In patients with advanced stomach cancer who are sufficiently fit, platinum/fluoropyrimidine combination chemotherapy of the kind described above is recommended. This is undertaken in the knowledge that chemotherapy can prolong survival and improve quality of life in patients with metastases but will not cure the disease.

If the cancer is not controlled with first-line therapy, or if it begins to progress, second-line systemic treatment is an option for patients who are sufficiently fit. This can involve chemotherapy with a taxane ( docetaxel, paclitaxel), or irinotecan; or use of the targeted biological agent ramucirumab on its own or in combination with paclitaxel. Ramucirumab blocks the receptor for Vascular Endothelial Growth Factor, with the aim of suppressing the growth of blood vessels that feed the tumour. 
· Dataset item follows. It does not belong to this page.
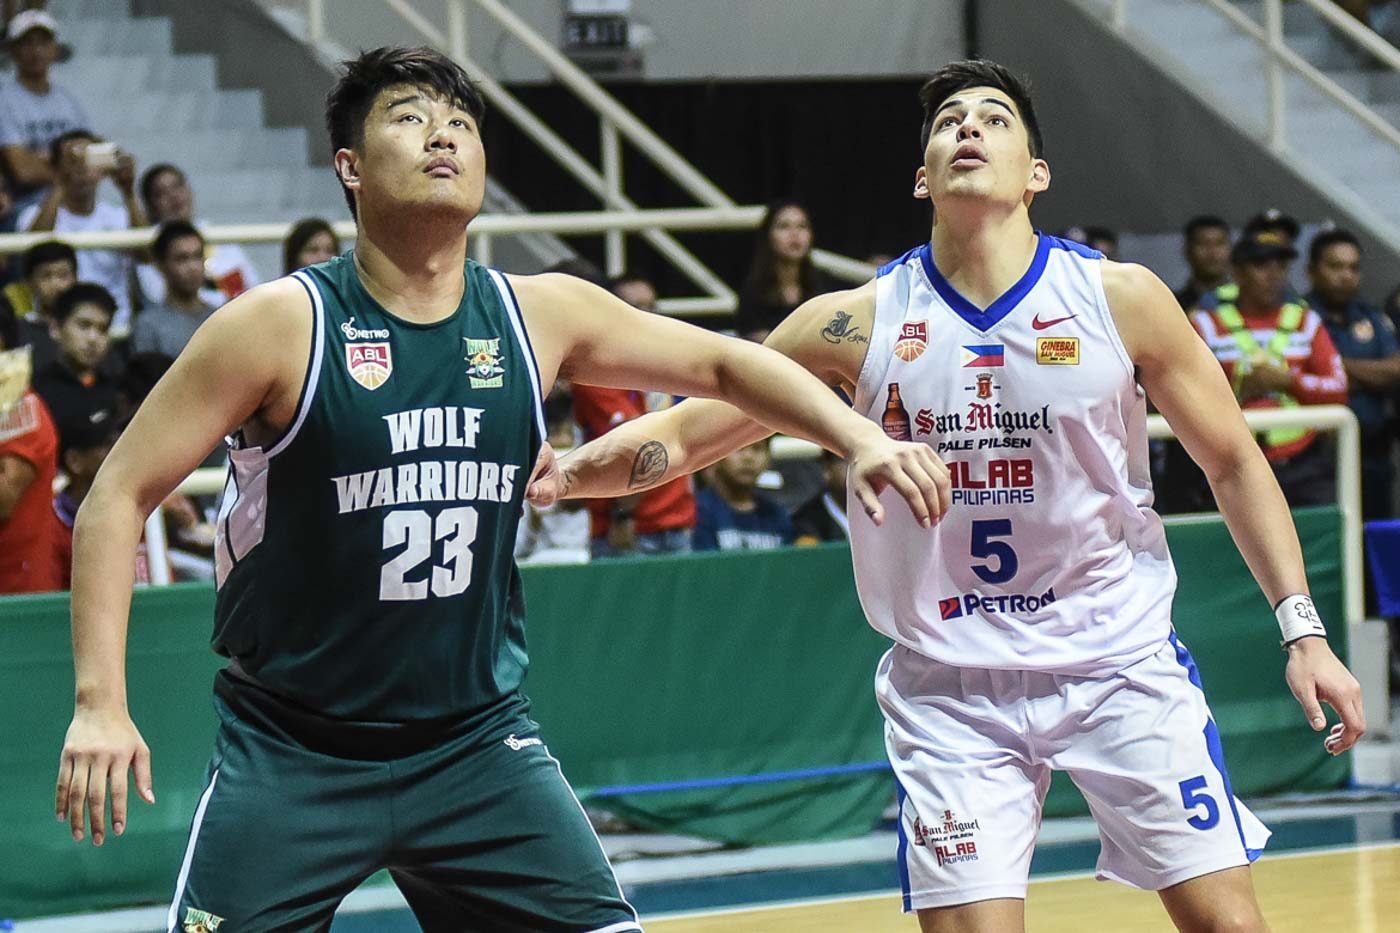 Playoff-bound Alab Pilipinas dominates Zhuhai anew

While chemotherapy kills cancer cells, the downside is that it also has adverse effects on many healthy cells (such as those in the bone marrow) which share with cancers the fact that they are rapidly dividing. So there is a pressing need for more targeted forms of drug therapy that offer the promise of being both more effective and less toxic.

As with all cancers, stomach cancer is really not one disease but many – since a number of different gene mutations can cause cells to replicate out of control.

Personalised systemic treatment

With several types of common cancer (notably breast, colon and lung cancer, and melanoma) our understanding of the precise gene defects that drive the tumour in an individual patient has led to personalised drug treatment using new agents that target specific molecular abnormalities. This is now becoming a reality in some patients with stomach cancer.

Around 10-15% of stomach cancer patients have tumours in which a particular gene mutation leads cells to produce too much of a protein that acts as a growth factor receptor on the cell surface. The specific protein is called human epidermal growth factor receptor 2 (HER-2). Overexpression of HER-2 leads to too much activation of pathways that signal the cell to divide, resulting in uncontrolled growth.

Before its role became clear in stomach cancer, scientists realised that many breast tumours were driven by HER-2. They therefore developed a biological drug (termed a monoclonal antibody) which specifically prevents growth signalling through the receptor. Once it had proved effective in HER-2 positive breast cancers, doctors began looking at other tumours which might share this molecular abnormality. Stomach cancer was one of them.

Clinical trials have now convincingly shown that in stomach cancer patients whose tumours overexpress HER-2, adding the anti-HER-2 drug trastuzumab to standard combination chemotherapy significantly improves survival duration. Combining this biological agent with cytotoxic drugs is now standard of care for patients with this type of metastatic stomach cancer. In an effort to help patients whose tumours do not have abnormal levels of HER-2, the potential for directing drugs at other molecular targets is being actively investigated.

Assessing the degree of risk posed by a stomach cancer at diagnosis is still the cornerstone of personalised treatment. This depends on the size of the primary tumour, and its degree of spread locally and to sites distant within the body. But taking tissue samples to establish the molecular characteristics of the tumour cells themselves is now also becoming important.

There are already at least six different treatment pathways that an individual patient with stomach cancer may follow. With our rapidly advancing understanding of the gene defects that underlie uncontrolled tumour growth, and parallel advances in molecular diagnostics, there will soon be many more.